Jul 06, 2008
Viktor Frankl -- "What Life Expects from Us"
Optimism is based odds. Hope is based on principles.
I've been turning this idea over in my head for a few months,* occasionally revisiting the Cornel West / Peter Gomes blogpost that got me started on all this a couple of years ago.
Viktor Frankl has a related take. In my copy of Man's Search for Meaning, a previous owner wrote "HOPE" (all caps) in the margin next to these words:
The observations in this one case [Archer Pelican note: in which a man died shortly after his dream of liberation on March 30 did not come true], and the conclusion drawn from them are in accordance with something that was drawn to my attention by the chief doctor of our concentration camp. The death rate in the week between Christmas, 1944, and New Year's, 1945, increased in camp at beyond all previous experience. In his opinion, the explanation for this increase did not lie in the harder working conditions or the deterioration of our food supplies or a change of weather or new epidemics. It was the simply that the majority of the prisoners had lived in the naïve hope that they would be home again by Christmas. As the time to near as there was no encouraging news, the prisoners lost courage and disappointment overcame them. This had a dangerous influence on their powers of resistance and a great number of them died.
As we said before, any attempt to restore a man's inner strength in the camp had first to succeed in showing him some future goal. Nietzsche’s words, “He who has a why to live for can bear with almost any how," could be the guiding motto for all psychotherapeutic and psychohygienic efforts regarding prisoners. Whenever there was an opportunity for it, one had to give them a why -- an aim -- for their lives, in order to strengthen them to bear the terrible how of their existence. Woe to him who saw no more sense in his life, no aim, no purpose, and therefore no point in carrying on. He was soon lost. The typical reply with which such a man rejected all encouraging arguments was, “I have nothing to expect from my life anymore." What sort of answer can one give to that?

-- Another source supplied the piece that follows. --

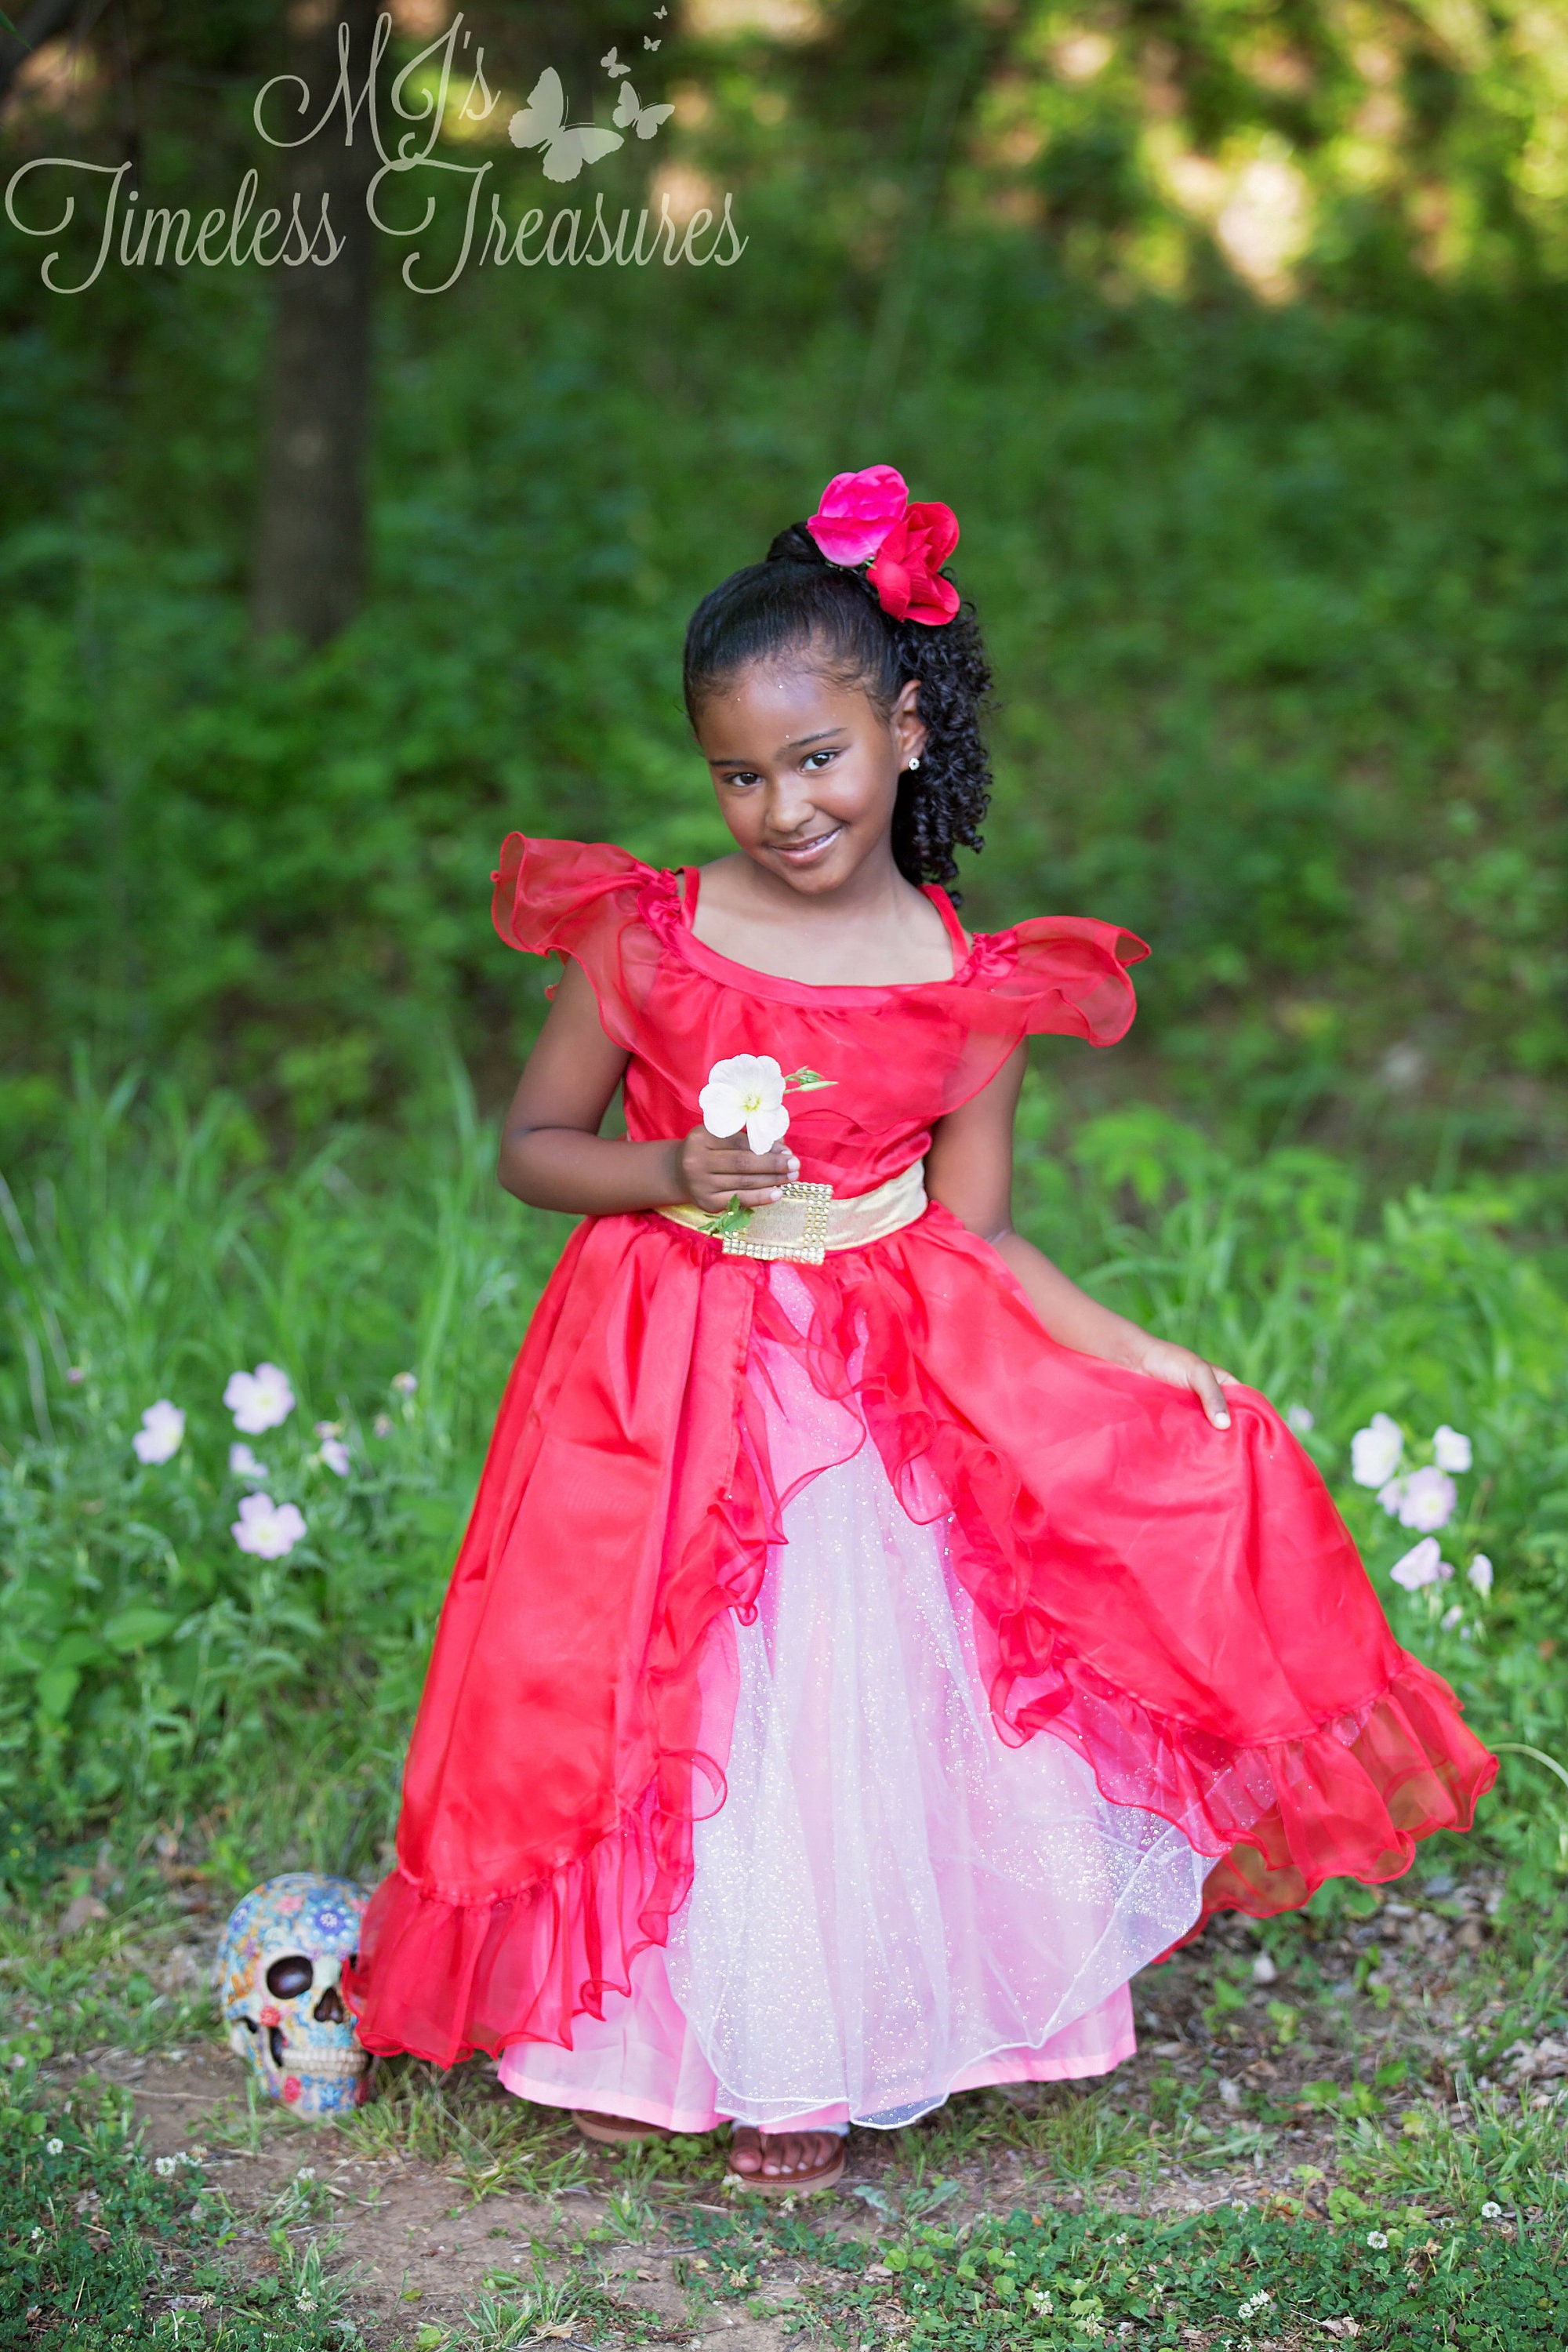 Princess Ariel in red dress and brown hair - putri disney fan Art  (38746180) - fanpop

What was really needed was a fundamental change in our attitude toward life. We had to learn ourselves and, furthermore, we had to teach the despairing men, that it did not really matter what we expected from life, but rather what life expected from us. We needed to stop asking about the meaning of life, and instead to think of ourselves as those who were being questioned by life -- daily and hourly. Our answer must consist, not in talk and meditation, but in right action and in right conduct. Life ultimately means taking the responsibility to find the right answer to its problems and to fulfill the tasks which it constantly sets for each individual.
-- Viktor E. Frankl, from the chapter “Experiences in a Concentration Camp” in Man's Search for Meaning (originally published in 1959, revised and updated in 1962 and 1984)

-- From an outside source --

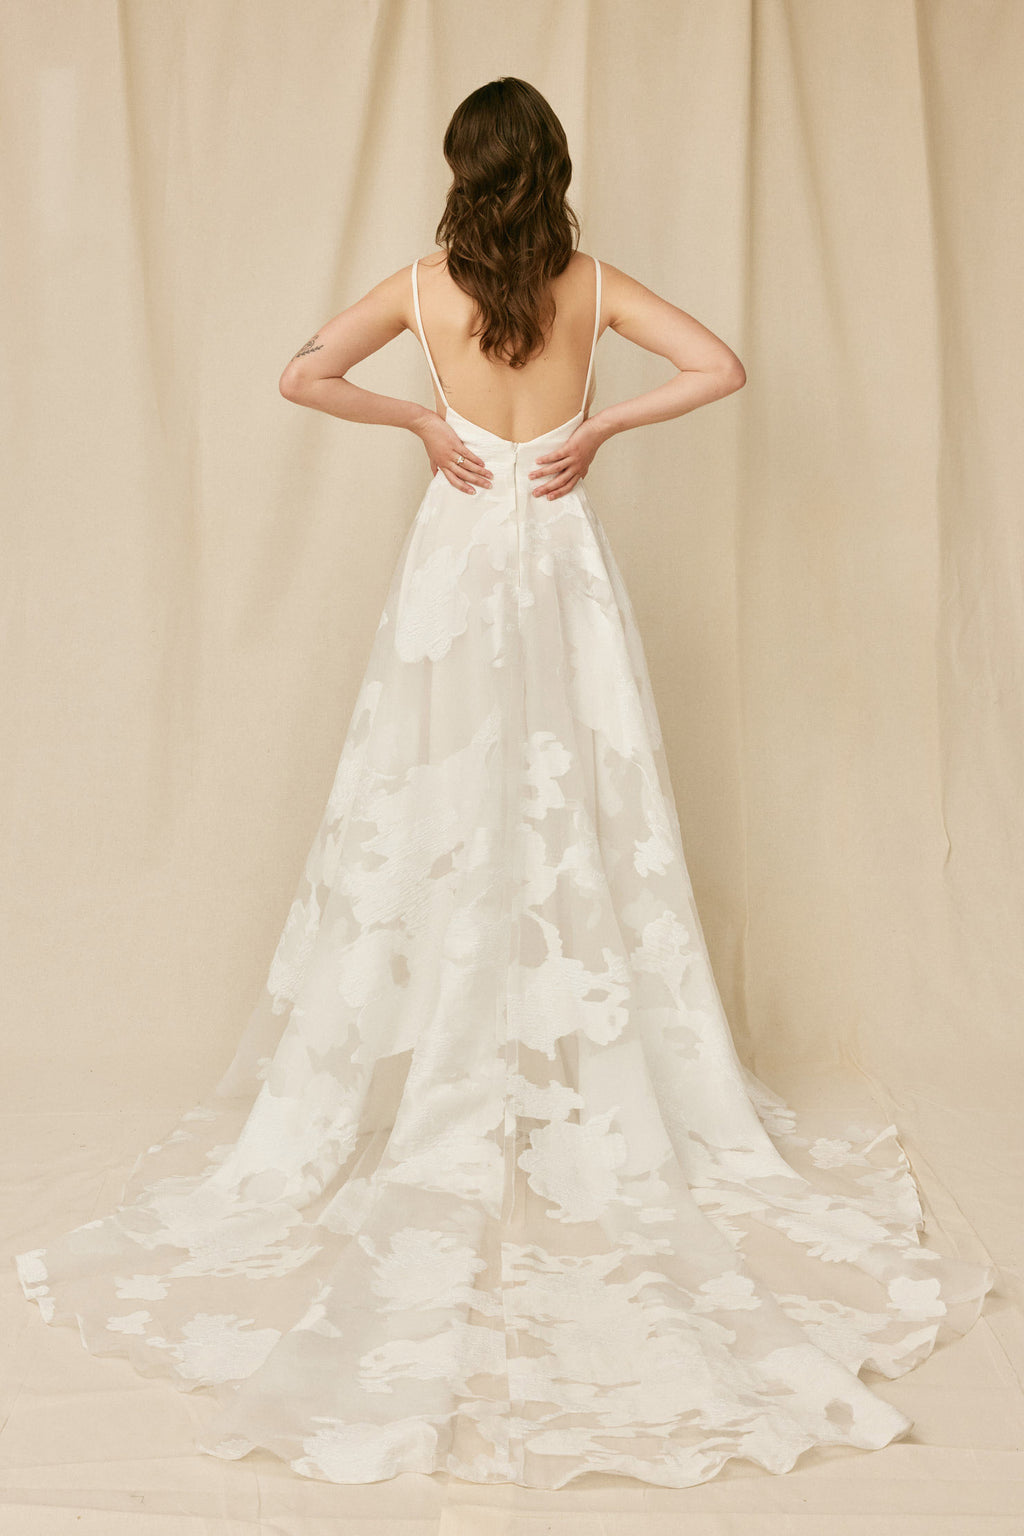 Top Ten Low Back Wedding Dresses From Casablanca Bridal / Blog

*You don't need to visit a poor country to find places where optimism would be misplaced. There's plenty in any US town and I see it often enough in Durham. Thus my never-ending appreciation for people who fight for causes that aren't easily (or likely) winnable.

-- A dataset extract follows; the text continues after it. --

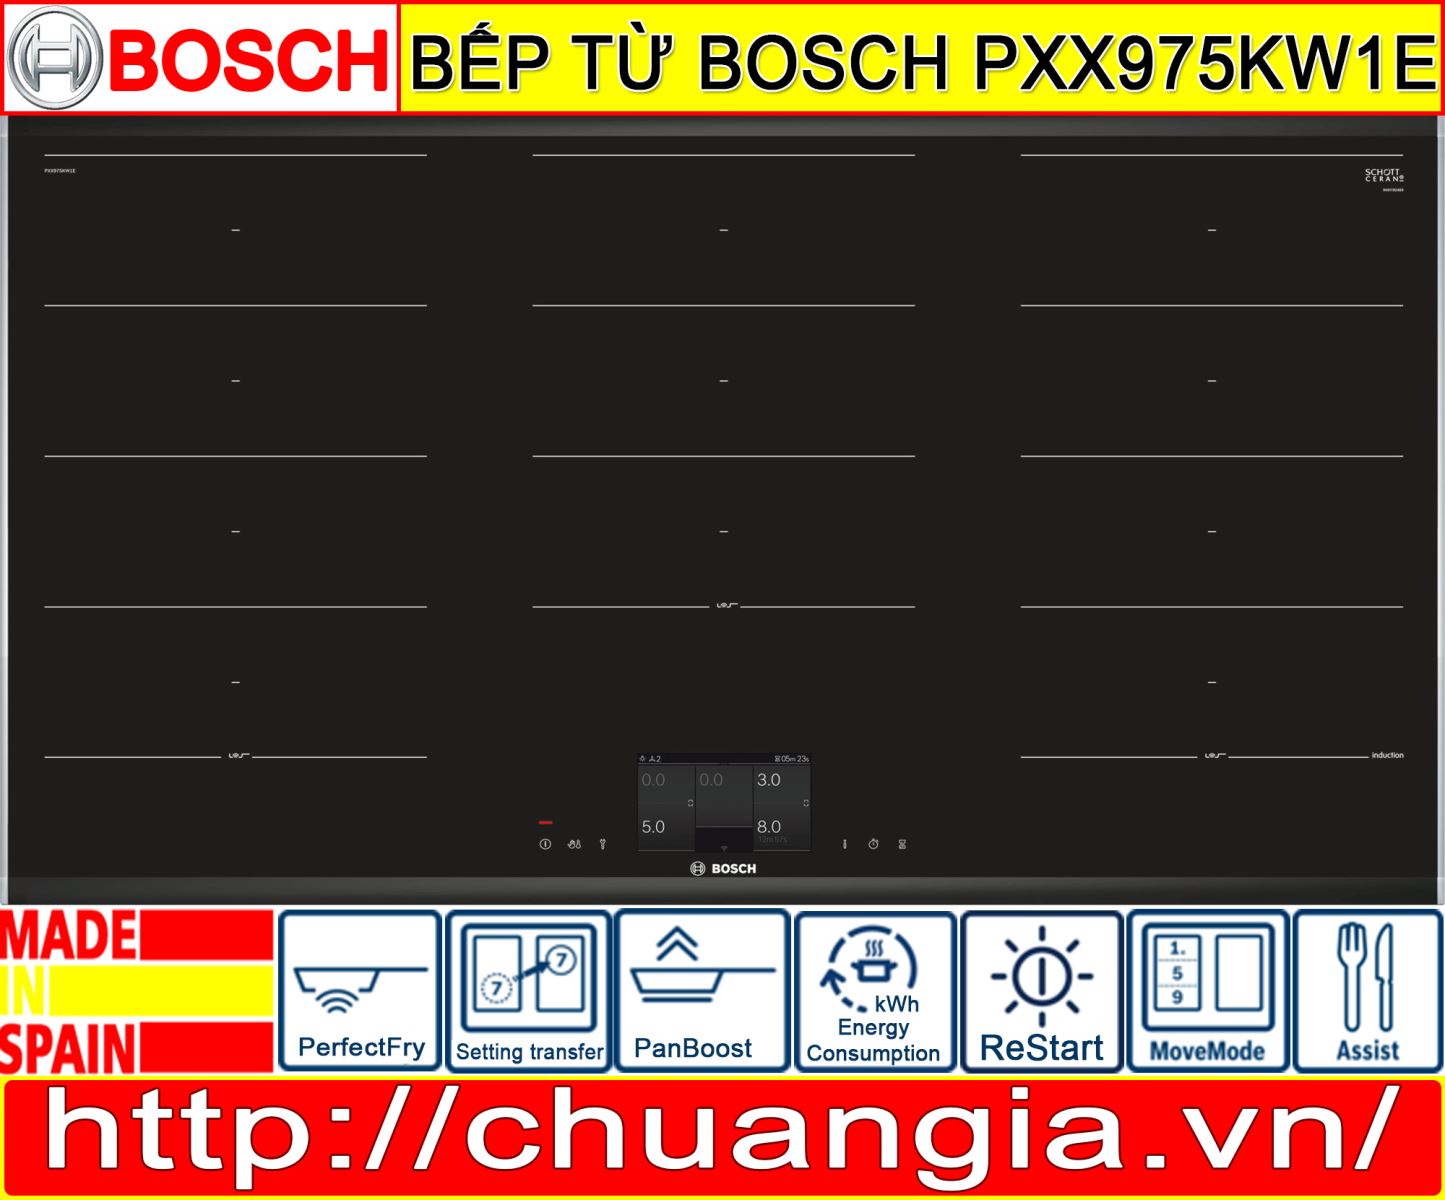 Bếp Từ Bosch PXX975KW1E, bosch pxx975kw1e, bếp từ pxx975kw1e, pxx975kw1e giá, bếp từ thông minh kết nối wifi, pxx975dc1e, bếp từ đa điểm, bếp từ bosch đa điểm

You've all seen the bumper sticker, "If you are not outraged, you are not paying attention." There's much truth in that, but I don't think you can get much done if you're outraged all the time. At some point, I think, you have to settle into something closer to patient, hopeful work, accepting the joy (not the same as "happiness") when it comes. Speaking of Joy, some time ago I suggested this bumper sticker. I'm not sure it makes sense but/and I still like it. I wonder if a smiling Elie Wiesel would like it, too?
For true. There's a great deal to be said for that "patient, hopeful work." At the movies yesterday, I lost track of how many times I saw a preview for "The Cleaner." If I still had cable, I'd watch, I think. Looks to me like a story about someone doing much that kind of patient, hopeful work, in just those kinds of places where optimism would me most misplaced. Stay safe.